Court Opinion

ID: 9858747
Source: CourtListenerOpinion
Date Created: 2023-09-24 16:36:22.790673+00
Date Added: 2024-06-11T09:55:42.140928
License: Public Domain

McGEE, Justice.
This is a fraudulent misrepresentation case. Ralph Spoljaric sued his former employer for breach of a promise to implement a bonus plan. The trial court rendered judgment for Spoljaric and in an unpublished opinion the court of appeals reversed that judgment and rendered judgment for Percival Tours. The principal question before us is whether there is some evidence to support the jury’s finding that the employer did not intend to implement a bonus plan at the time he promised to do so. Because we hold there is some evidence to support the jury’s finding, we reverse the judgment of the court of appeals and remand the cause to that court for further consideration.
In March, 1978, Ralph W. Spoljaric negotiated with Jessie L. Upchurch, president of Percival Tours, Inc., for Spoljaric’s employment with Percival. The parties entered into a written two-year employment contract. Spoljaric took the position of vice president of finance and accountancy at an annual salary of $42,000 per year.
Toward the end of the two-year contract, Spoljaric began to make plans for his,future. He made contacts in New York and initiated talks with Upchurch for a new employment contract. In December, 1979, Spoljaric and Upchurch met. Upchurch offered Spoljaric a salary of $50,000 per year to remain with Percival Tours but refused to enter into a second written contract. Spoljaric declined this offer.
The two met the next day, and Spoljaric counter-offered for a salary of $70,000 without a written contract. Upchurch agreed to the higher salary. The two also discussed Spoljaric’s increased responsibilities to the company due to the resignation of Mario Balestrieri, executive vice president of operations.
Approximately two weeks later, a third meeting was held between Spoljaric, Up-church, and Balestrieri. Balestrieri agreed to stay with Percival at the same terms as Spoljaric. A bonus plan was also discussed. Under the proposed plan, Spoljaric and Balestrieri would be paid a 5 percent bonus on any improvement over Percival’s net operating loss of 2 million dollars. The bonus would be paid when the company *434realized a profit. Upchurch instructed Spoljaric to formalize a plan in writing.
It took almost two months for Spoljaric to draft a bonus plan. He gave the draft to Upchurch for his approval. Because Upchurch objected to certain parts, he instructed his corporate secretary, G. Lisle, to draft an alternate provision dealing with the voluntary termination of executive officers. Lisle drafted the requested provision and Upchurch approved the amended bonus plan. However, the record is silent whether Spoljaric ever saw the new amended bonus plan. Spoljaric and Balestrieri made several inquiries over the next eight months about the status of the proposed bonus plan. Upchurch told them that his New York lawyers were reviewing the plan.
In October, 1980, Percival Tours purchased Jackson Travel Agency, Inc., and Jackson Tours. A press release announced that Robert Jackson would thereafter serve as the president and chief operating officer of Percival Tours. Spoljaric read the press release and believed that Jackson had taken his position.
On October 9, 1980, Spoljaric talked to Jackson concerning his position with Percival Tours and the proposed bonus arrangement. Jackson told Spoljaric that he had no knowledge of either. At Spoljaric’s request, Jackson approached Upchurch with the original bonus plan draft. Upchurch read it and said that he had no intention of signing it. When Jackson related this to Spoljaric, Spoljaric walked off the job.
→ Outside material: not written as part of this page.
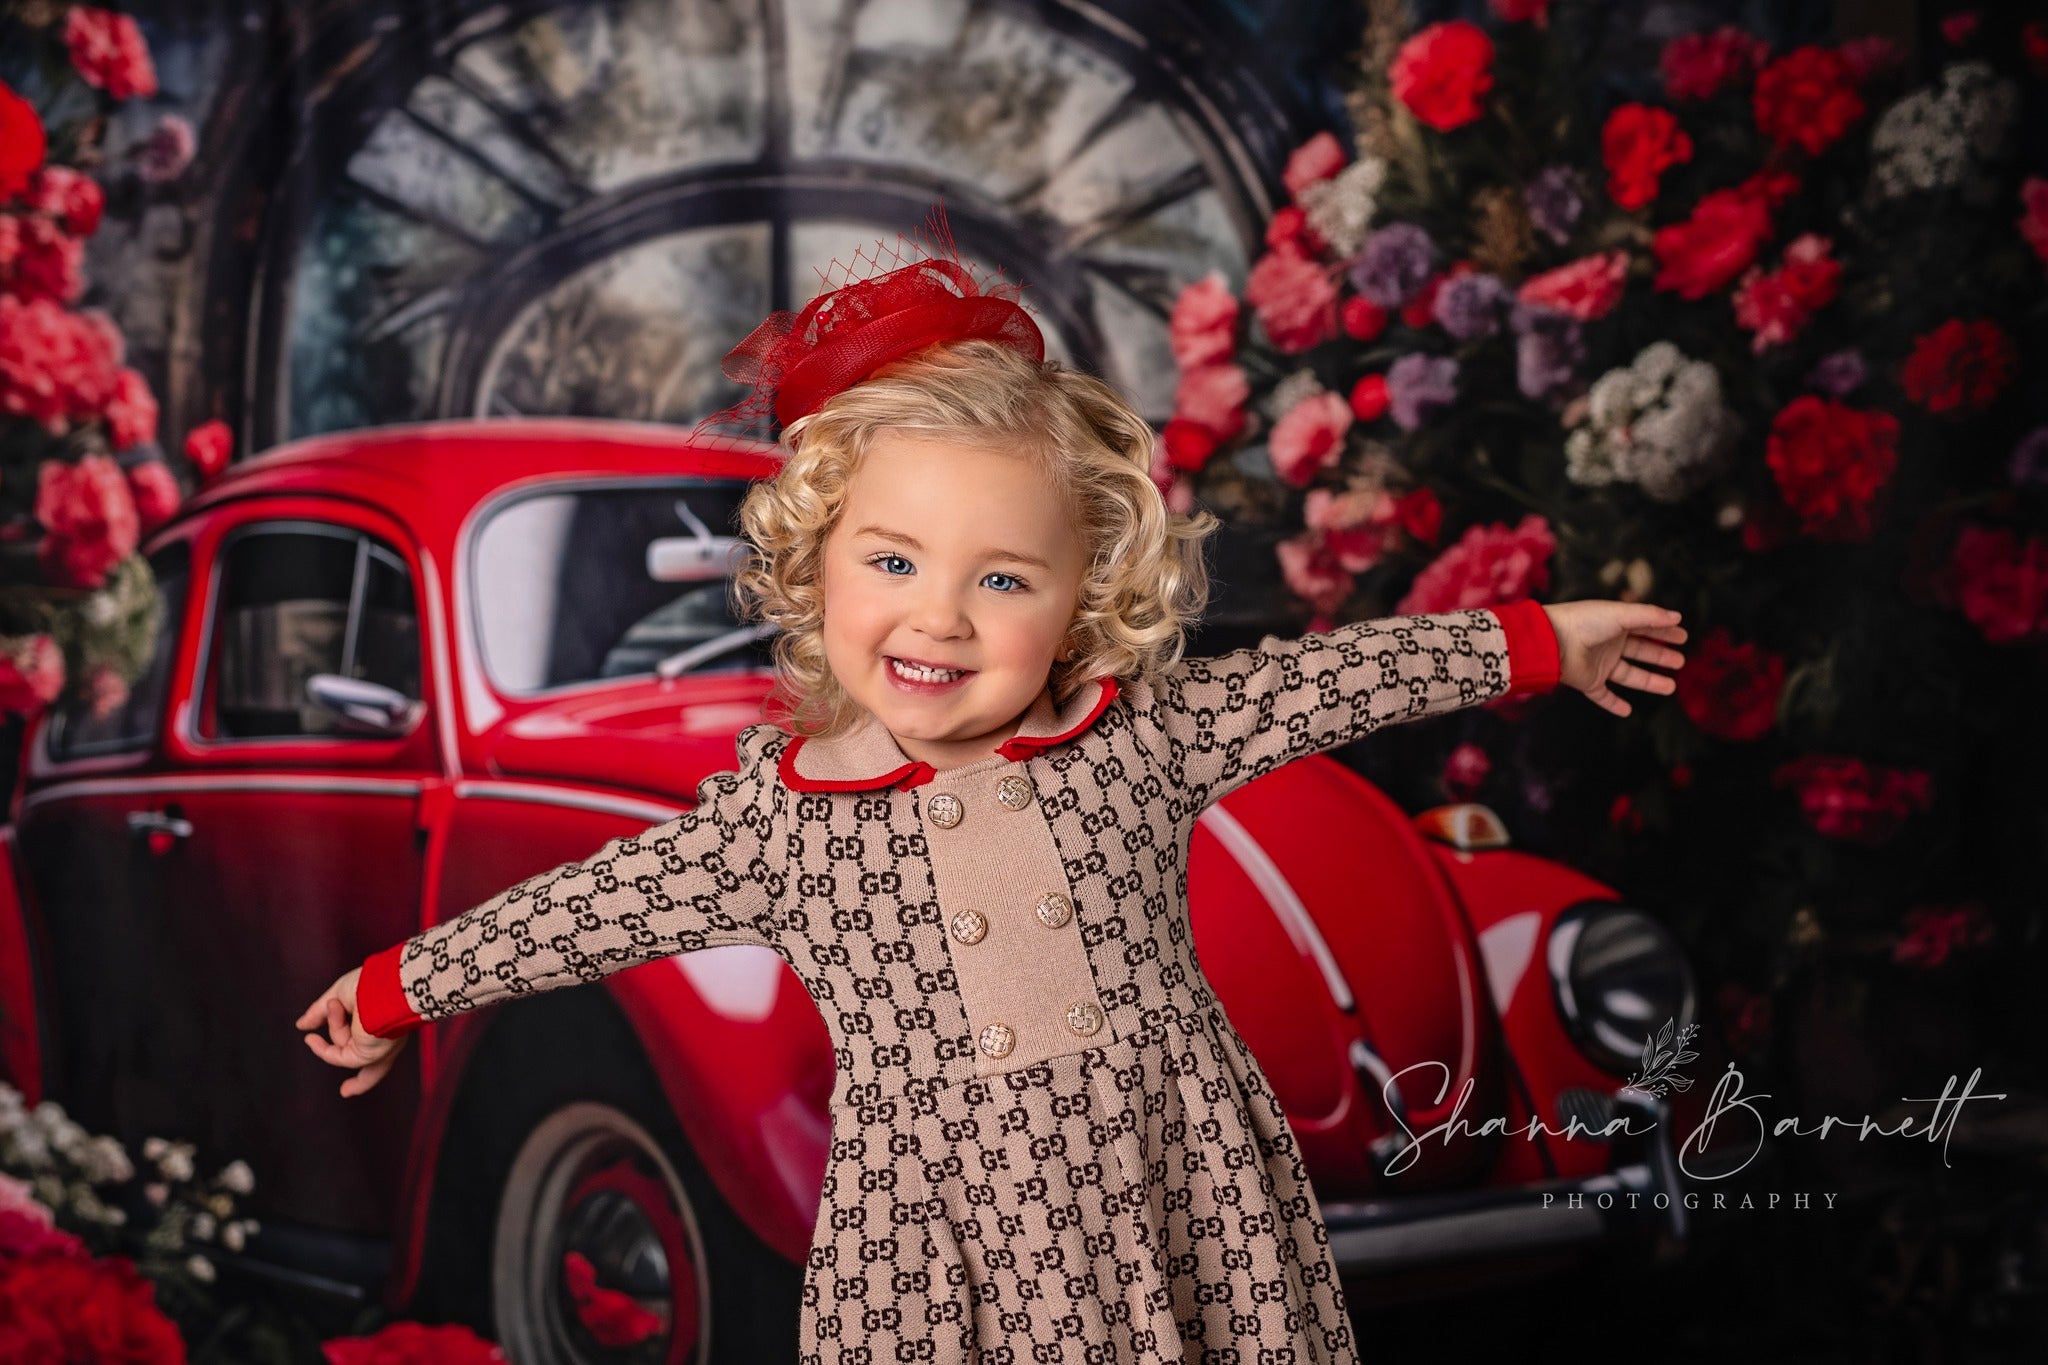 Kate Valentinstag Rotes Auto Hintergrund von Patty Roberts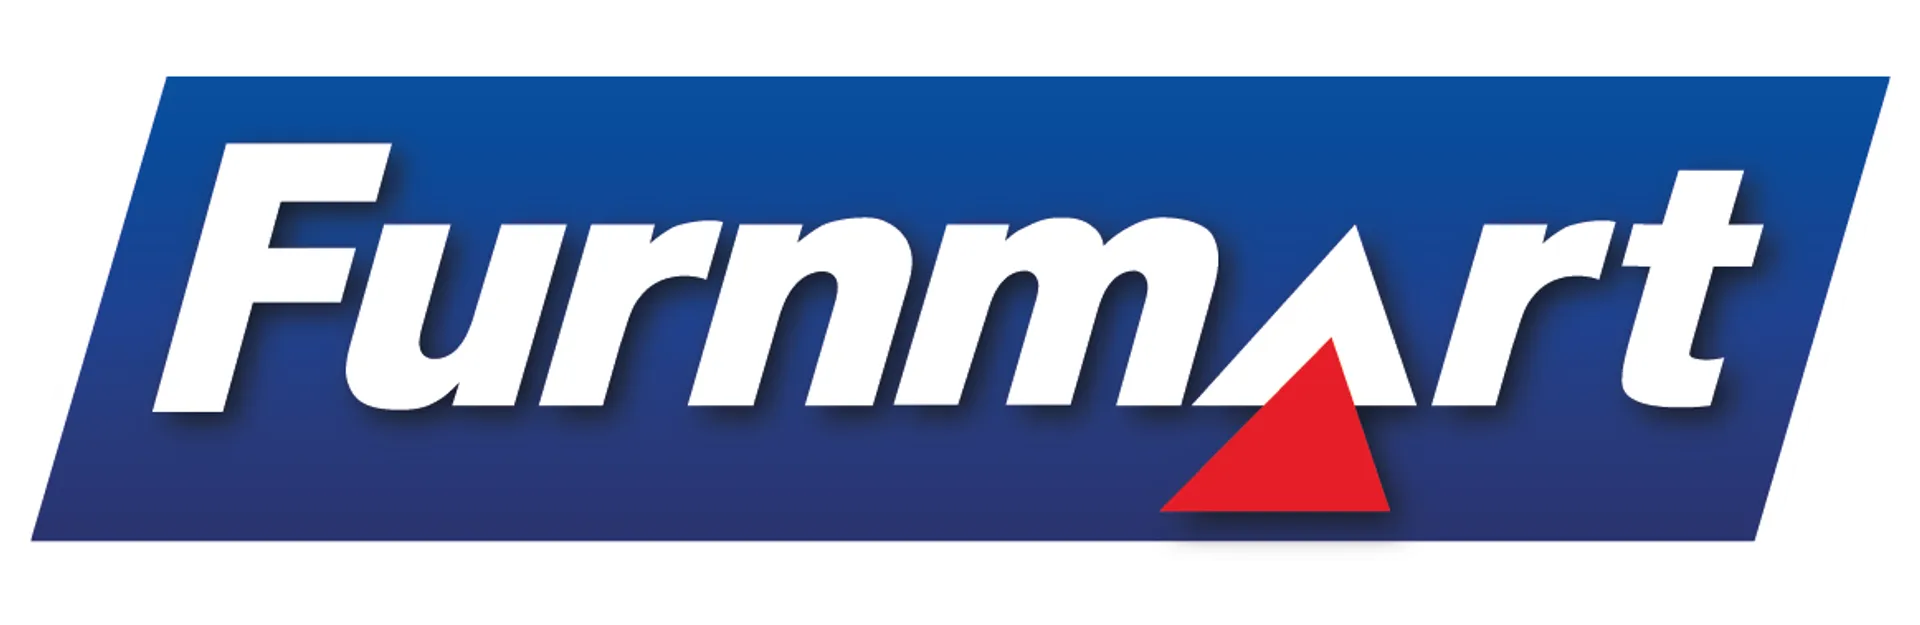 FURNMART logo

Spoljaric brought suit against Percival Tours, Inc., Upchurch Corporation, and Jessie L. Úpchurch for breach of oral contract and fraudulent misrepresentation. In answer to issues, the jury found that (1) Upchurch promised Spoljaric that a bonus plan would be implemented to pay Spoljaric a bonus for improvements in Percival’s financial condition, (2) this representation was false, (3) when this representation was made, Upchurch did not intend to keep the promise, (4) Spoljaric justifiably relied on this representation to his detriment, and (5) Upchurch breached the oral contract to pay Spoljaric a bonus. The jury awarded Spol-jaric $30,000 in actual damages and $750,-000 in punitive damages for fraudulent misrepresentation. The trial court directed a remittitur of $690,000 of the punitive damages. Spoljaric remitted this amount under protest, and the trial court rendered judgment on the balance of the jury findings.
Upchurch appealed. The court of appeals reversed and rendered, holding there was no evidence to support the jury’s finding that Upchurch did not intend to implement a bonus plan and there was factually insufficient evidence to uphold the oral contract. The court of appeals did not reach Spoljaric’s cross-point concerning remit-titur.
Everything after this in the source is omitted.